Without its pictures, the listing below is to be transcribed exactly.

> _Provided material_:

_____

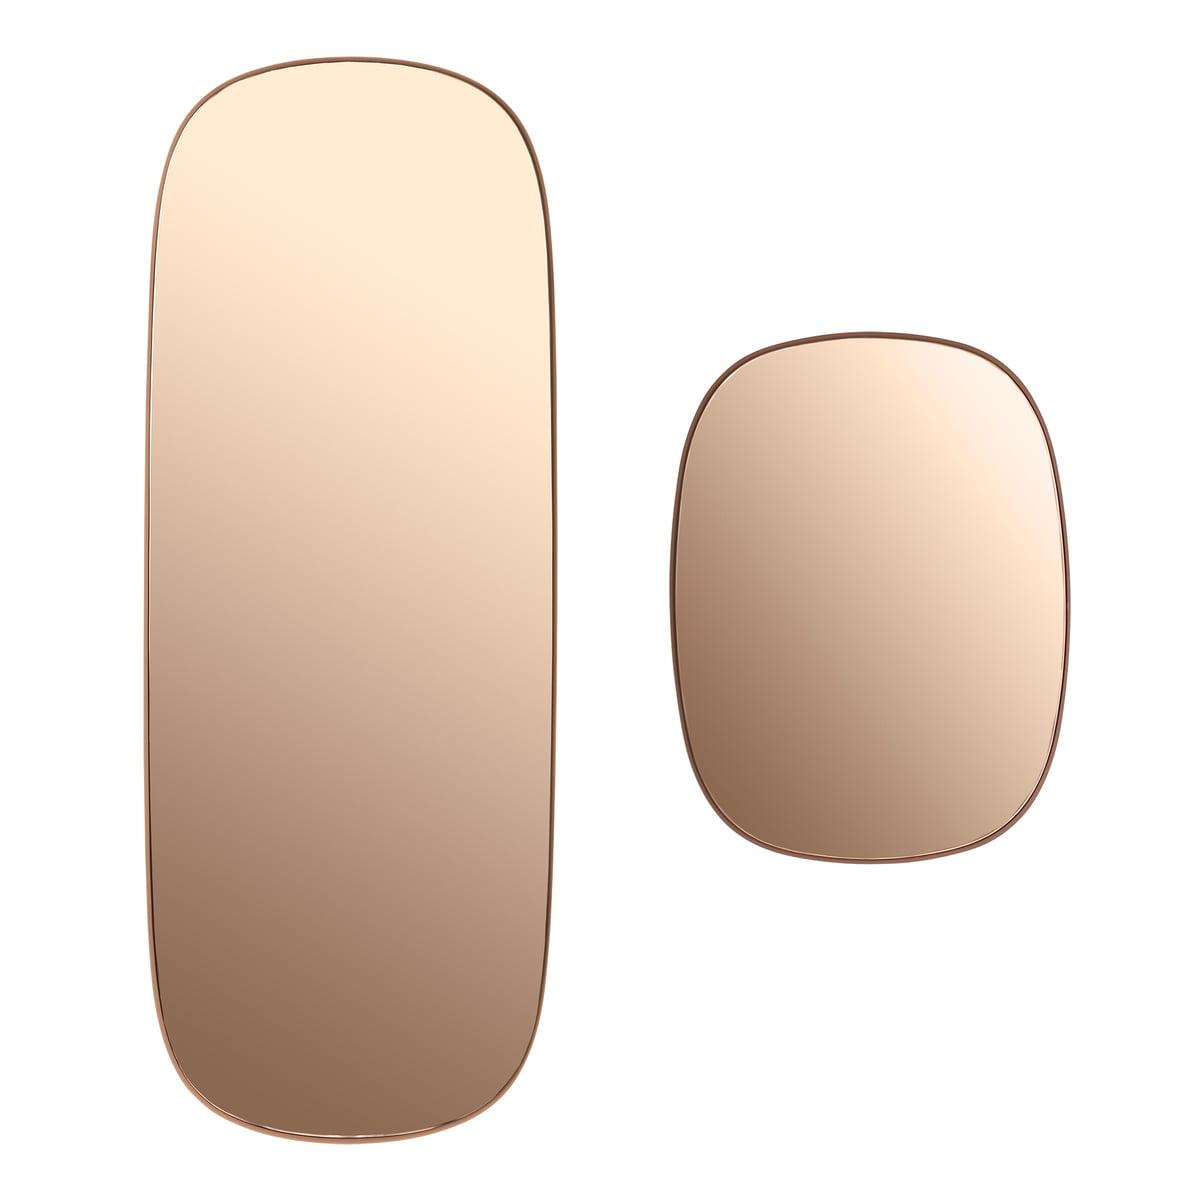 D couvrez le framed miroir de muuto en ligne for Impression en miroir
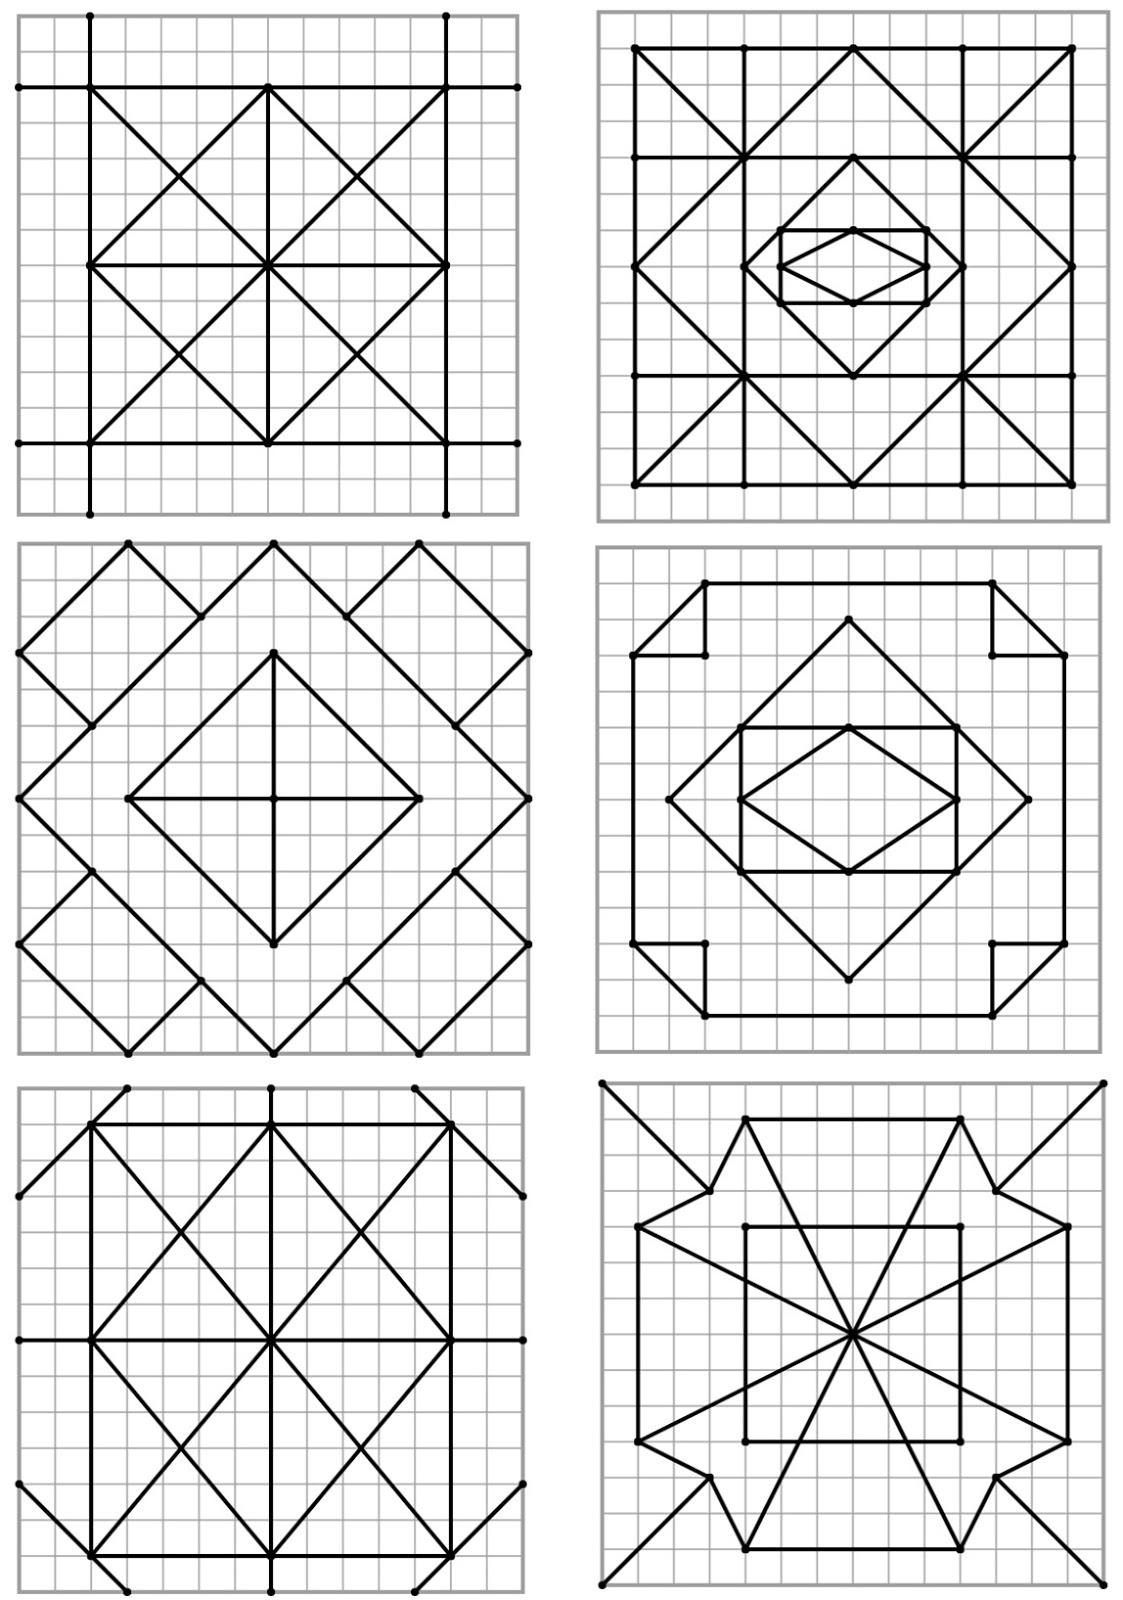 Remue Méninge: Reproduction De Figures Géométriques pour Reproduction Sur Quadrillage Ce2
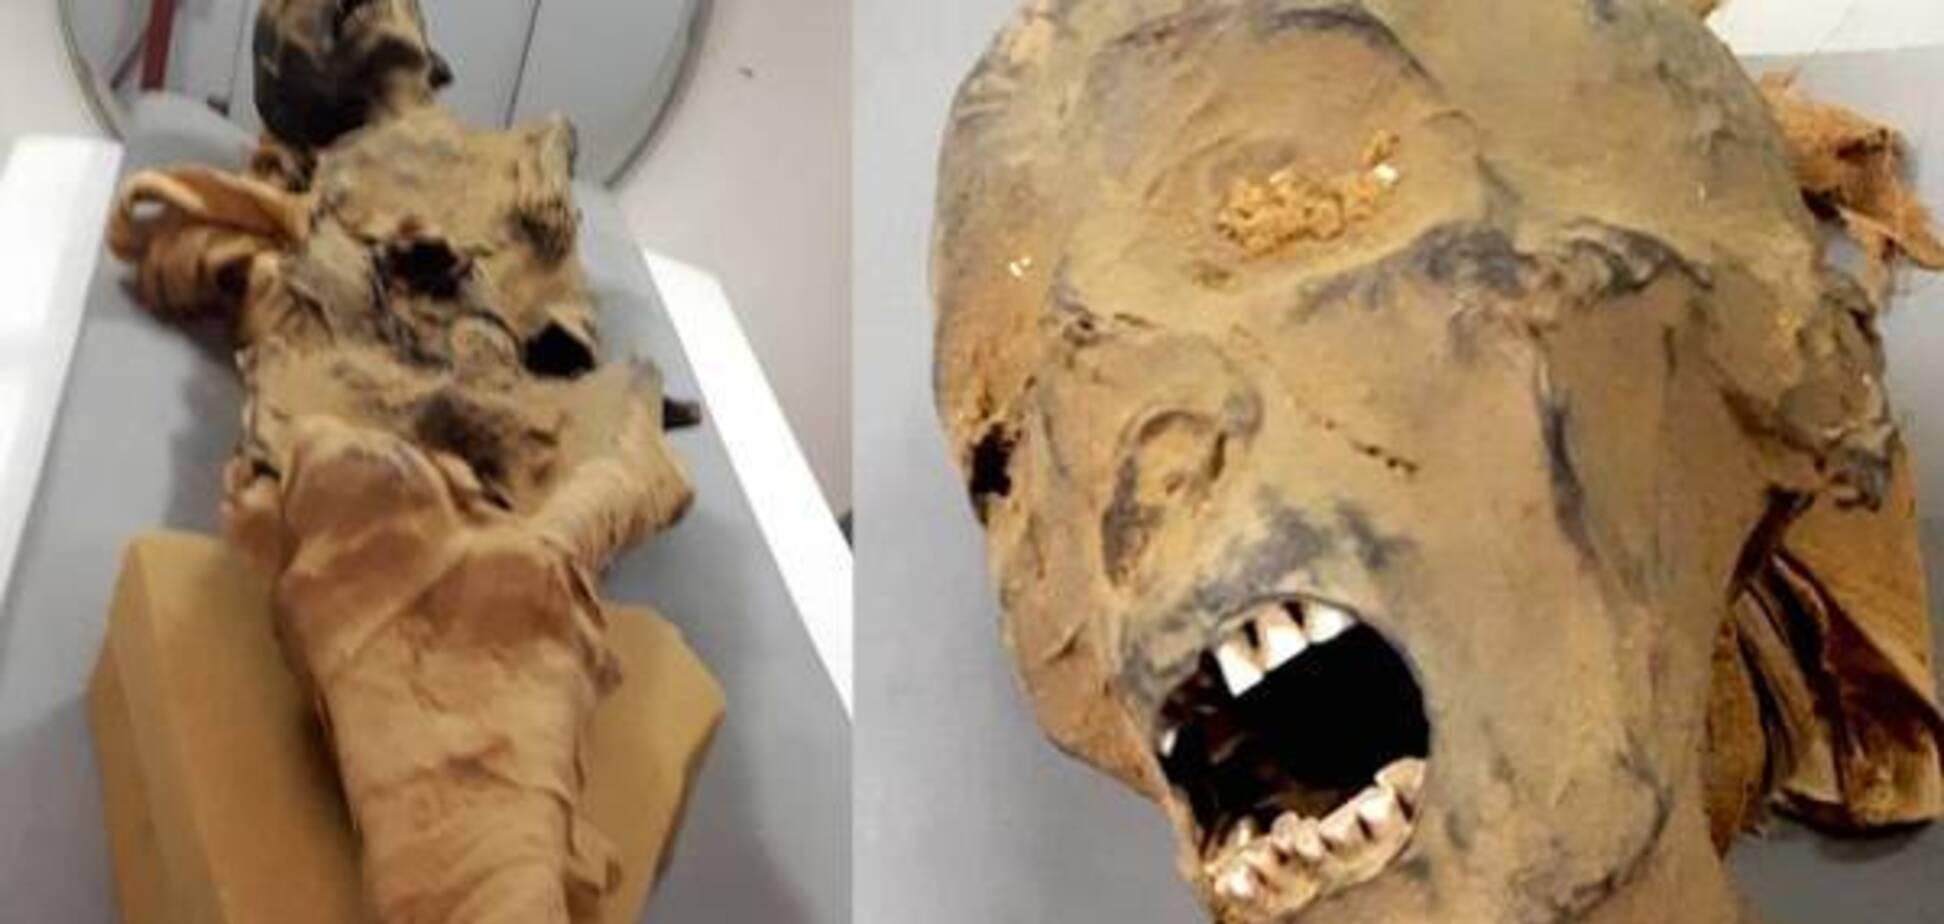 Раскрыта тайна смерти кричащей мумии из Египта. Источник: (english.ahram.org.eg)

_____

> _Task response_:
 D couvrez le framed miroir de muuto en ligne for Impression en miroir
 Remue Méninge: Reproduction De Figures Géométriques pour Reproduction Sur Quadrillage Ce2
 Раскрыта тайна смерти кричащей мумии из Египта. Источник: (english.ahram.org.eg)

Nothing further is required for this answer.